Der Trojaner ist vom Montag auf den Servern des IT-Dienstleisters der Kommunen aufgefallen: der Südwestfalen IT. Das Unternehmen hat daraufhin die Verbindungen zu den Kommunen gekappt.

So will es verhindern, dass sich die Schadsoftware weiter verbreitet. Erpressungstrojaner versuchen, sich in Infrastrukturen öffentlicher Dienstleister oder Unternehmen einzuschleusen und dort Daten zu verschlüsseln, erkärt Jörg Kowalke von Südwestfalen IT dem WDR.  Ziel des Trojaners sei es, mit der Entschlüsselung der Daten Lösegeld zu erpressen. Das Landeskriminalamt ermittelt. Unklar ist noch, ob inzwischen Daten gestohlen wurden. 

Empfehlungen gegen Hacker-Angriffe des Bundesamtes für Sicherheit in der Informationstechnik

Für die technische Bewältigung empfiehlt das Bundesamt für Sicherheit in der informationstechnik, einen durchdachten Plan für den Neuanfang auszuarbeiten und nicht übereilt zu handeln. Kommunen sollten zwar ein modernes Konzept aufsetzen, aber keine Experimente oder etwas für sie völlig Neues aufbauen – und sie müssten davon ausgehen, dass irgendwann der nächste Angreifer durchkommt.

 

Beispiel Potsdam. Hier hat man sich nach dem ersten Vorfall überlegt, wie künftig wichtige Vorgänge auch bei einem Hackerangriff technisch weiterlaufen könnten. Der Verwaltungsstab sei daher in der Lage gewesen, kritische Vorgänge und Fachverfahren, wie den Zahlungsverkehr, beinahe unterbrechungsfrei durch eine BypassLösung zu gewährleisten. Zudem könne man bei den Untersuchungen und Prüfungen des Systems auf die damaligen Dokumentationen zurückgreifen.
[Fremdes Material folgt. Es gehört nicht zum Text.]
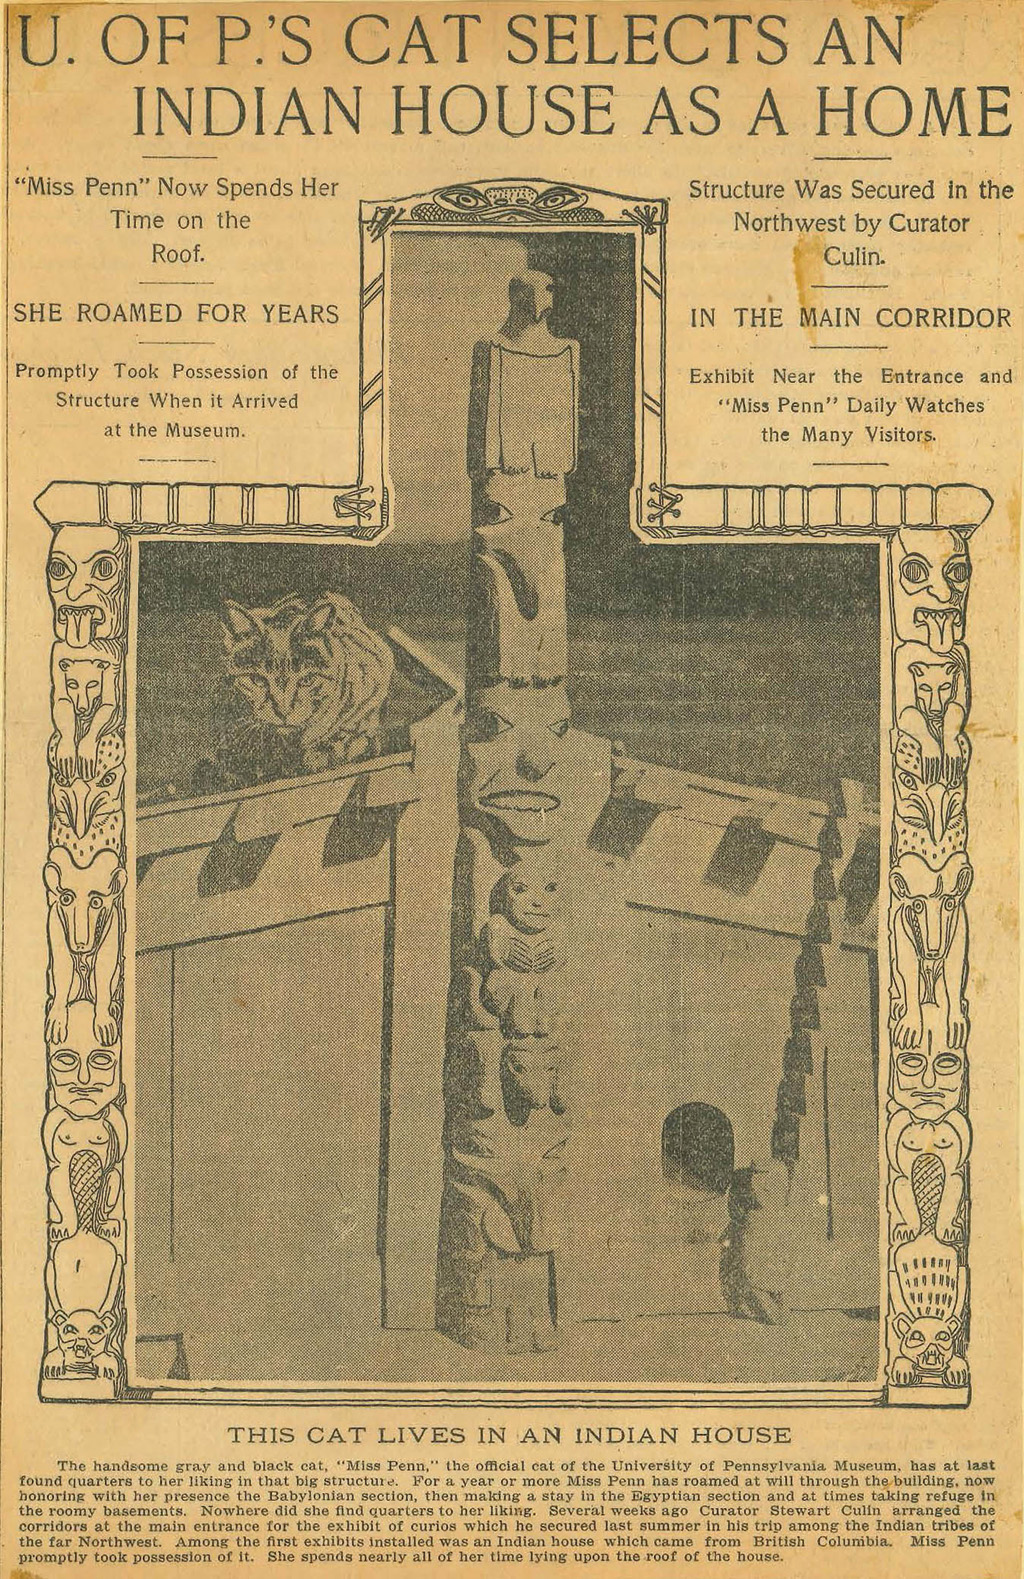 Scan of magazine page, showing a model of a house.

Bereits Ende Januar ging die Verwaltung erstmals wieder ans Netz. Allerdings nur kurz, denn ein erneuter Virencheck schlug wieder Alarm. Die Bedrohung war noch nicht vorbei.

IT-Spezialisten unterstützen

Man sollte sich nicht der Illusion hingeben, dass im Notfall problemlos die Kavallerie einreitet, um die IT einer Kommune wieder ans Laufen zu bringen: Zwar beraten und unterstützen die Spezialisten von Landes- und Bundesbehörden nach Kräften, aber praktische technische Hilfe direkt vor Ort leisten sie selten. Beispiel Rhein-Pfalz-Kreis: „Die Kommunen in Rheinland-Pfalz betreiben im Rahmen der kommunalen Selbstverwaltung eigene IT-Infrastrukturen. Sie sind daher auch für die Themen Informations- beziehungsweise IT-Sicherheit eigenverantwortlich“, so der Landesbetrieb Daten und Information. 

Mobile Reaktionsteams im Aufbau

Mobile Reaktionsteams, die zur Hilfe ausrücken, sind beispielsweise in Rheinland-Pfalz zwar im Aufbau. Die Kommunen brauchen also in erster Linie die Hilfe von kundigen IT-Dienstleistern, um die technischen Probleme schnell und professionell zu lösen. Das BSI stellt  eine Liste mit Dienstleistern zur Verfügung, kann selber laut gesetzlicher Aufgabenbeschreibung aber nur in „herausgehobenen Fällen“ auf kommunaler Ebene praktisch bei Cyberangriffen helfen. Ein solcher Sonderfall war der Ransomware-Angriff im Landkreis Anhalt-Bitterfeld, nach dem der Landrat den ersten deutschen Cyber-Katastrophenfall ausgerufen hatte. Da eilten nicht nur Fachleute des BSI sondern sogar der Bundeswehr herbei.



Eine gute Idee für die Vorbereitung auf eine Krise ist es deshalb auch, Netzwerken beitreten.